Being made up of earth and fire it is a taste that will increase both kapha and pitta. The hot and damp qualities are good for vata and will help decrease an excess of this dosha. 

Sours foods: 
  • Fruits- lemons, limes, grapefruit, green grapes and some plumbs, oranges, rasbarries, blueberries and blackberries.
  • Fermented foods - wine, cheese, yoghurt, soy sauce, umeboshi plumbs
Astringent   earth + air                                                              
Reduces Pitta and Kapha
Increases Vata
Astringent is the taste that creates that dry, puckering sensation in the mouth when you eat and drink certain things. Dry red wines and unripe bananas are good examples. 

It is cool, dry and heavy. It contracts tissues and blood canals so is great for healing wounds, ulcers and reducing bleeding. It also works as a blood purifier and can counter toxins in the body. If you have diarrhea and excessive sweat its drying qualities will be of great benefit. Astringents cool, dry qualities are also beneficial for cooling and clearing the mind. However, too much astringency can result in a build up of waste materials in the body as they are unable to be discarded through the natural process of elimination. Neuromuscular disorders can also result from excess astringency. 

Astringent is not at all good for dry, airy vatas.  Although it is heavy and earthy it actually decreases kapha due to its very drying nature. The cool, earthy qualities help to relieve pitta both physically and mentally.  

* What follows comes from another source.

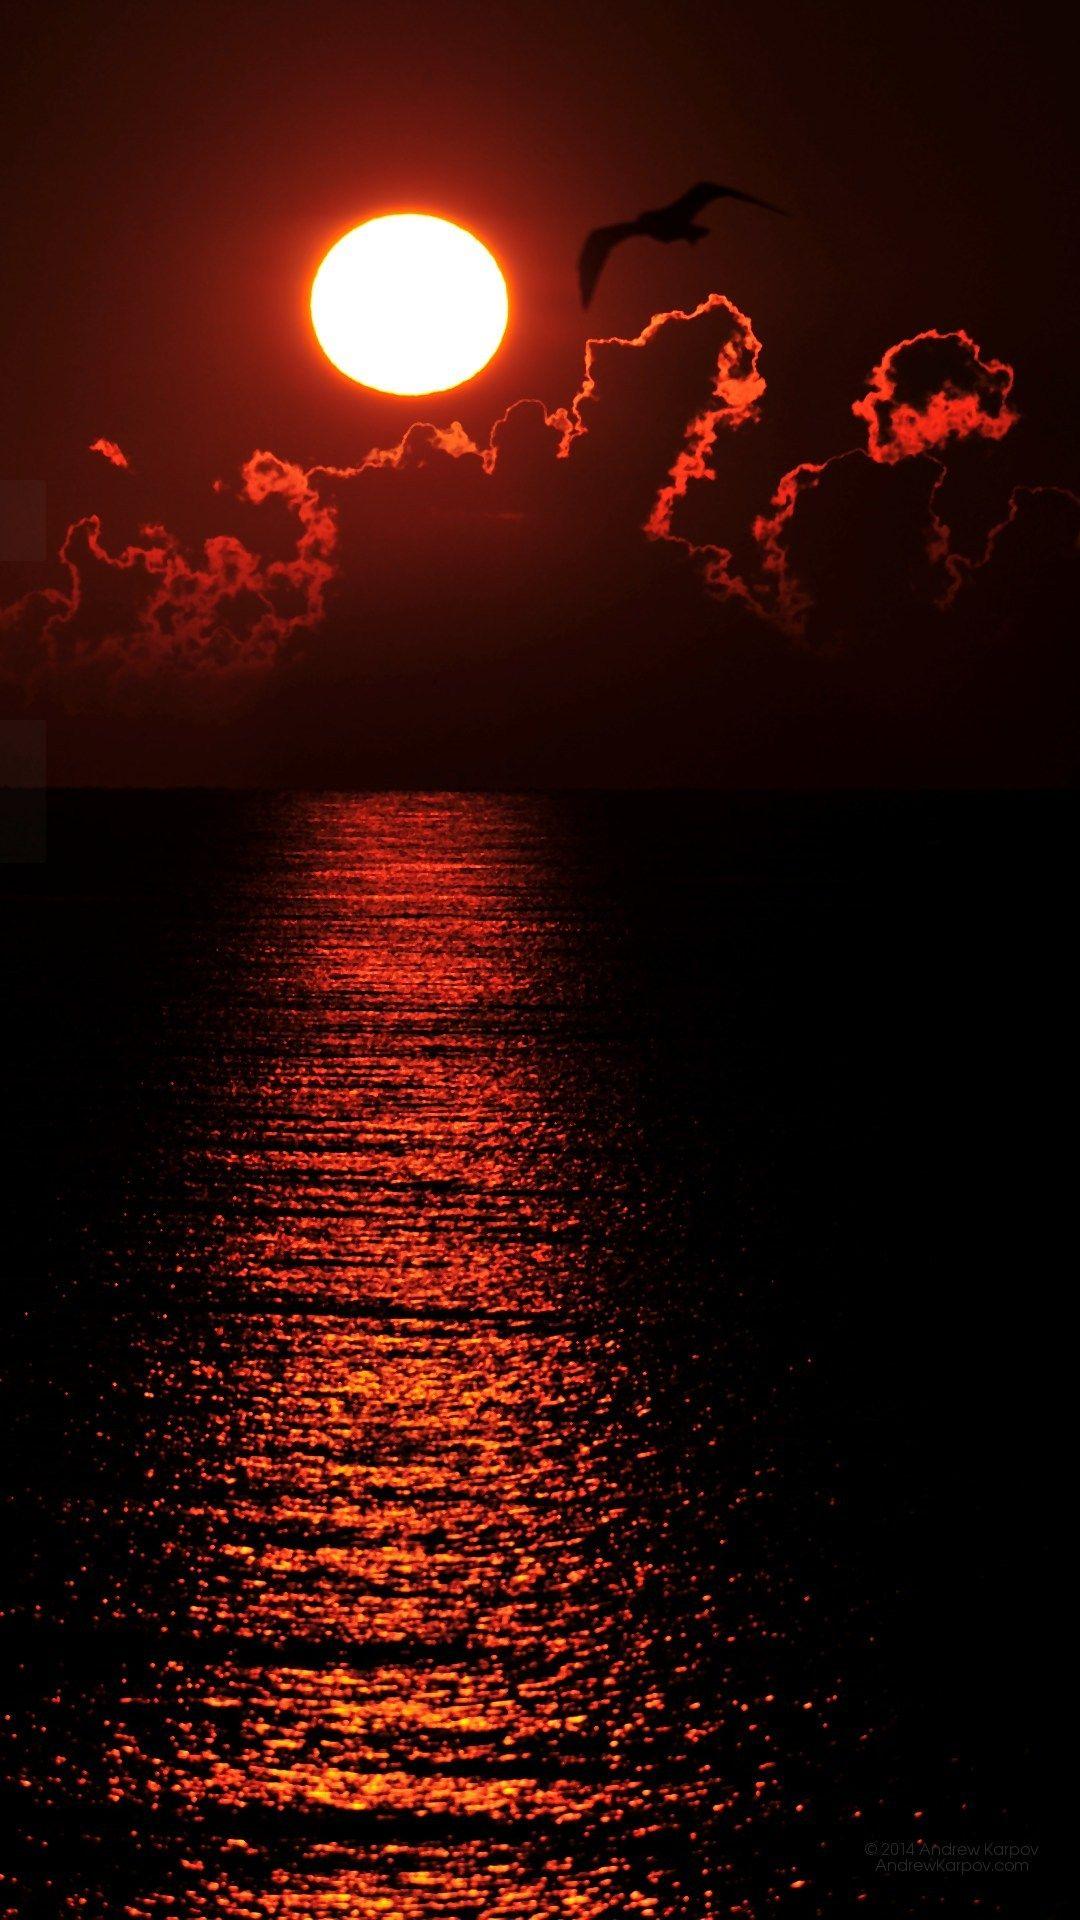 日の出の壁紙 1080 X 19 1080x19 無料デスクトップの壁紙 7869 Iphone Xの壁紙がダウンロードし放題 美しい月 美しい風景写真 夕焼け

Not a lot of foods have Astringent as their first taste so this group is much smaller than the others. These include:
  • Fruits such as unripe bananas, pomegranates and cranberries.
  • Chickpeas and yellow split peas.
  • Alfalfa sprouts, green beans,  peas, celery and jerusalem artichokes.
  • Foods from the cabbage family - cabbage, broccoli, brussels sprouts and cauliflower.
  • Buckwheat
  • Lentils
So a bit of a different approach to looking at food and it effects on the body and mind then what most of us are used to. Have a look at your diet, experiment with increasing and decreasing different tastes and see what happens. Don't expect to see differences in a day or two be patient on see what happens after a week or so. And be strong. Like a lot of things in life the things that we love and enjoy the most are not always the things that we should be indulging in and are often the hardest to cut back on. But you don't have to be an extremist, you can still enjoy all tastes in moderation. Just listen to your body and check in with ourself from time to time to see what adjustments you need to make. Enjoy your food but eat with wisdom and care.


* As always my focus is on accessible foods, so I have only made reference to herbs that are generally used in everyday cooking,  found in most kitchens and herb gardens.